## Information supplied

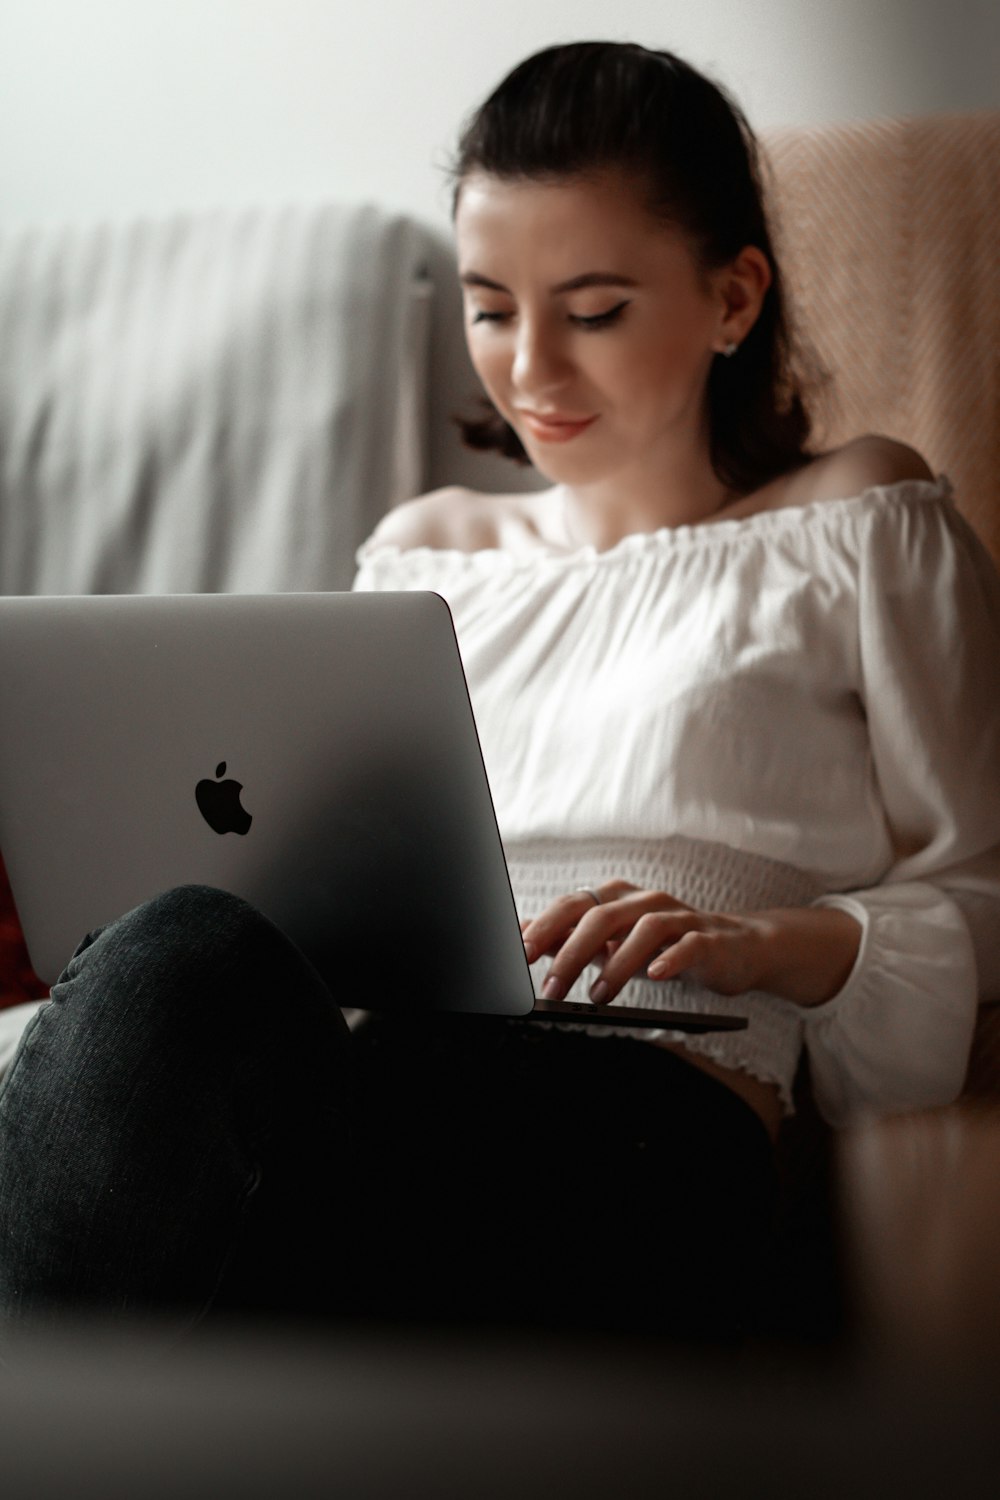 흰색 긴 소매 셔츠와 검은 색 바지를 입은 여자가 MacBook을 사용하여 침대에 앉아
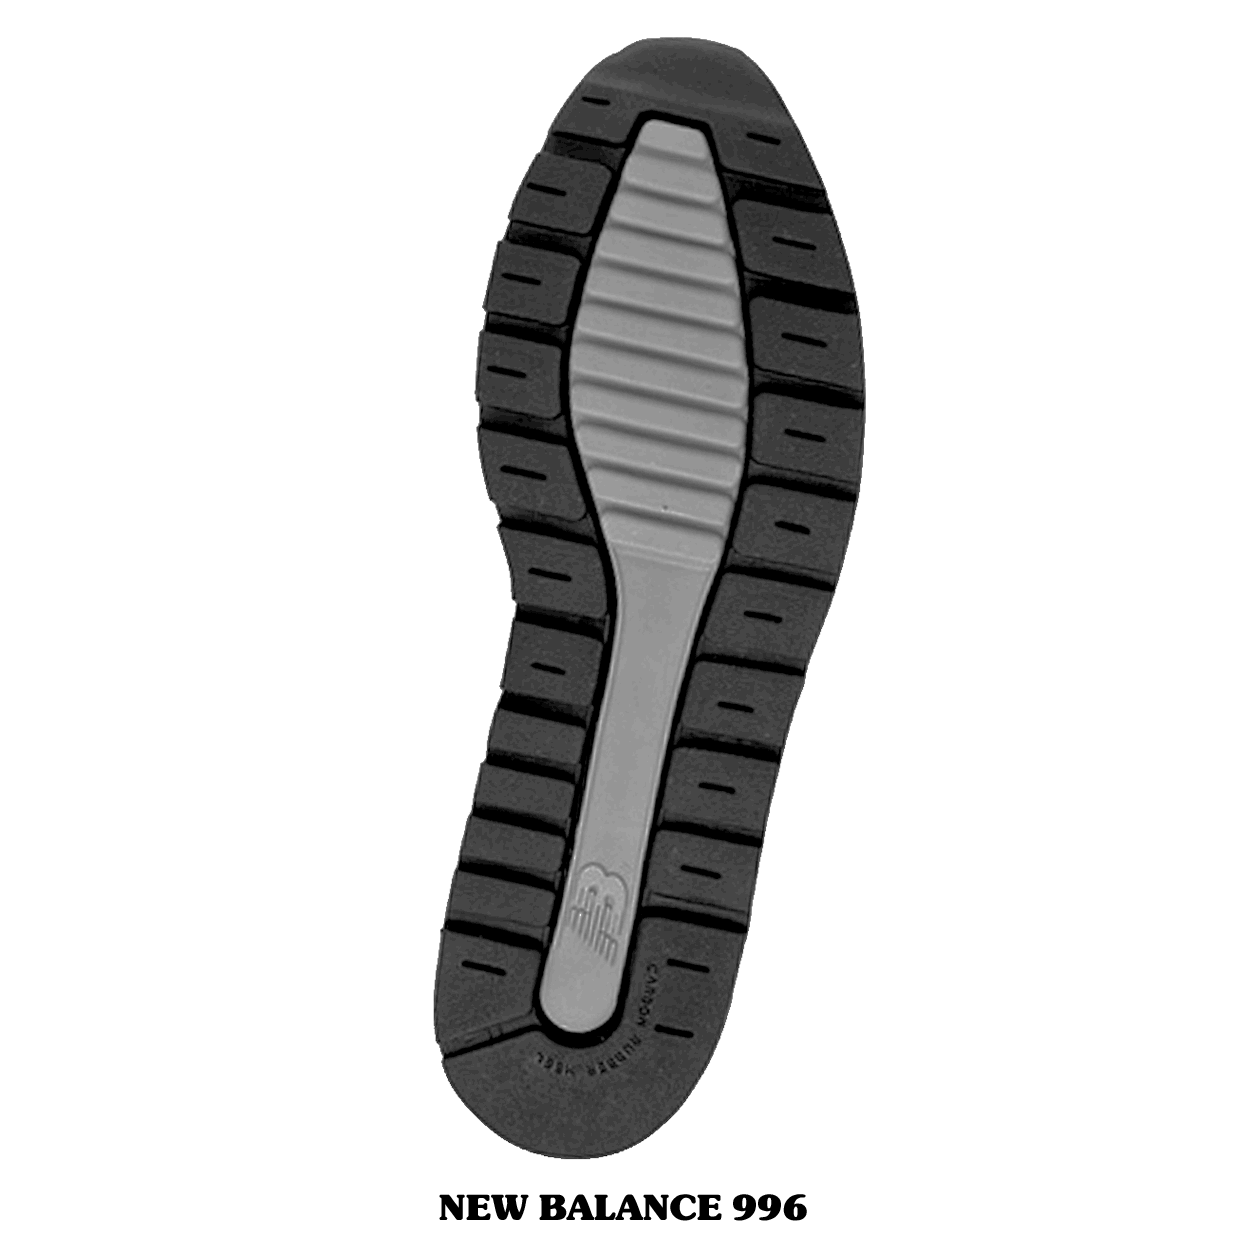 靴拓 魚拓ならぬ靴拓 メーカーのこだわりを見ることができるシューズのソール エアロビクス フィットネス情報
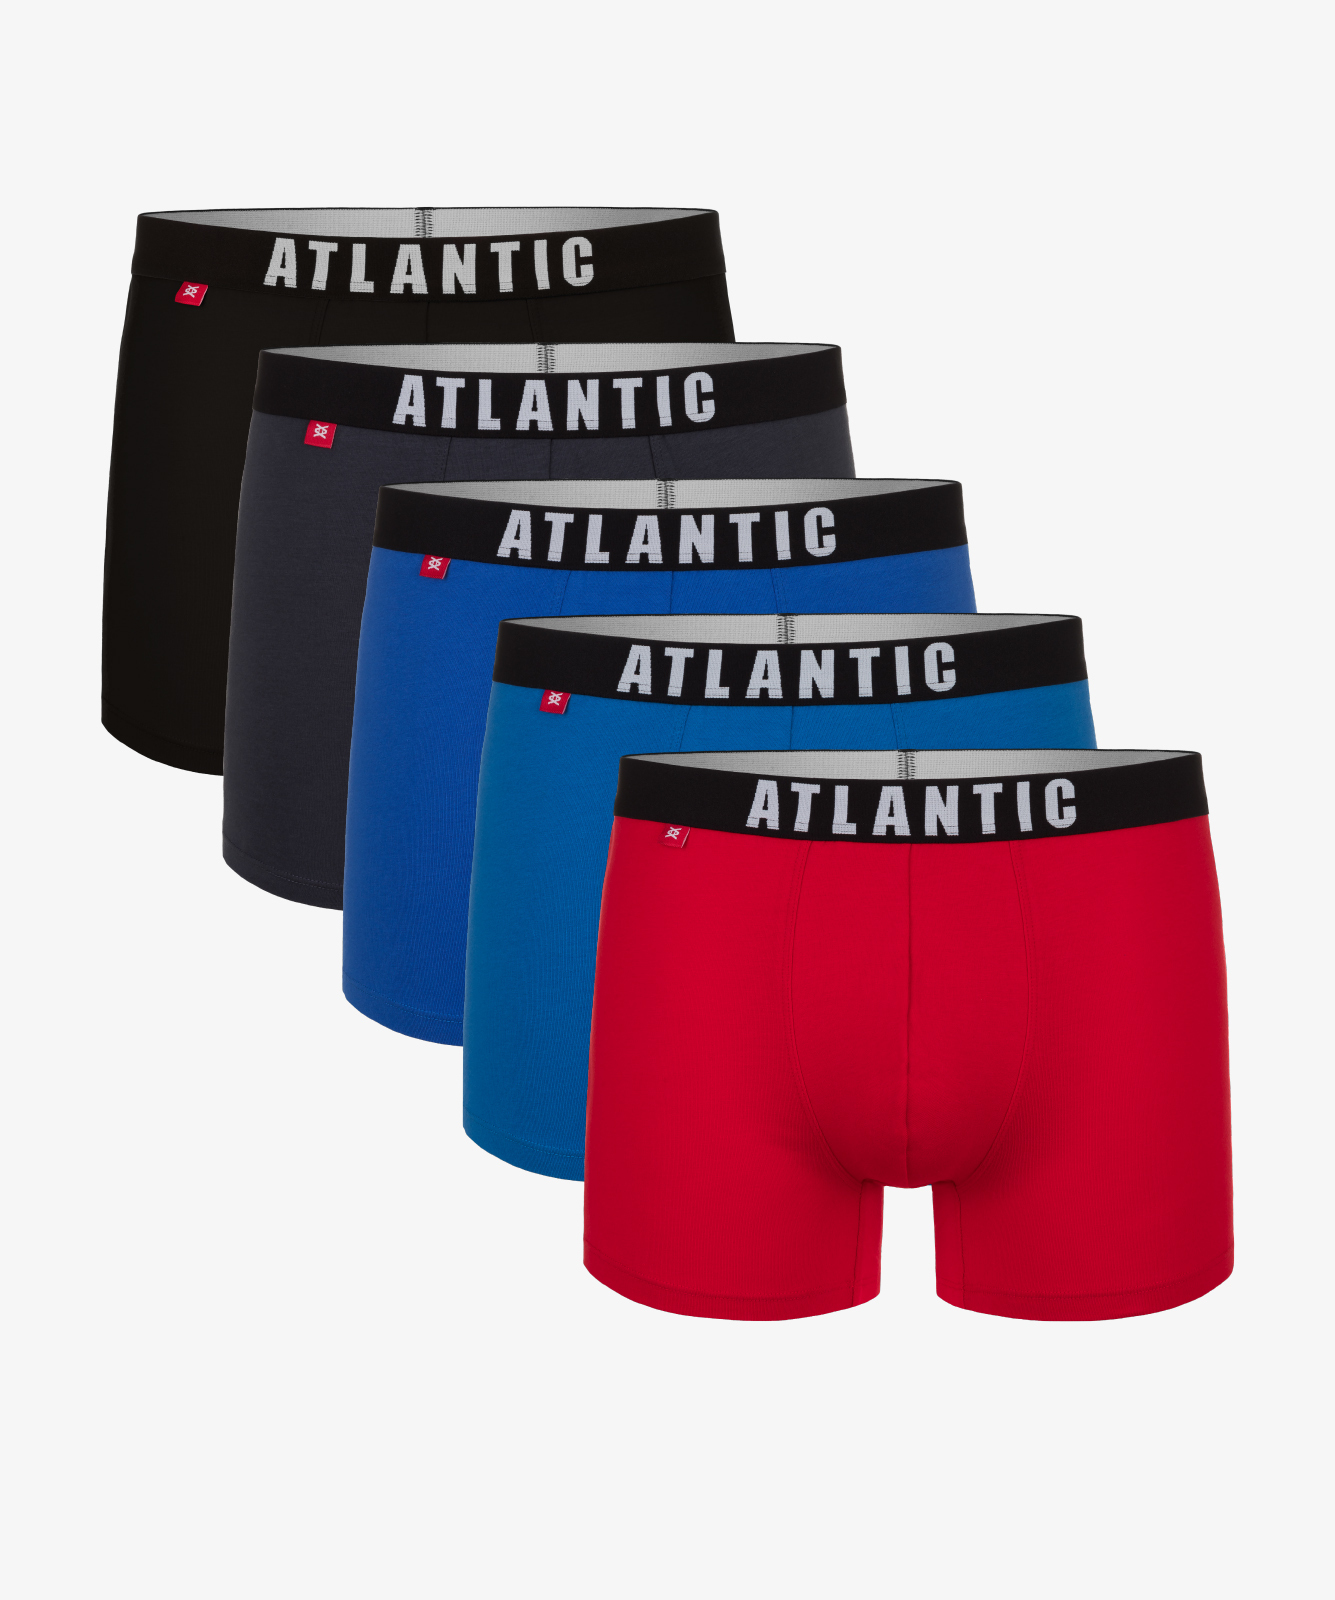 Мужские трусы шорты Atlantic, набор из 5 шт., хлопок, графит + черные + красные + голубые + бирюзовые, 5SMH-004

## Task objective
Starting with the line that contains "靴拓 魚拓ならぬ靴拓 メーカーのこだわりを見ることができるシューズのソール", repeat each line exactly until the listing ends, including the last one. Leave pictures out.

## Written answer
 靴拓 魚拓ならぬ靴拓 メーカーのこだわりを見ることができるシューズのソール エアロビクス フィットネス情報
 Мужские трусы шорты Atlantic, набор из 5 шт., хлопок, графит + черные + красные + голубые + бирюзовые, 5SMH-004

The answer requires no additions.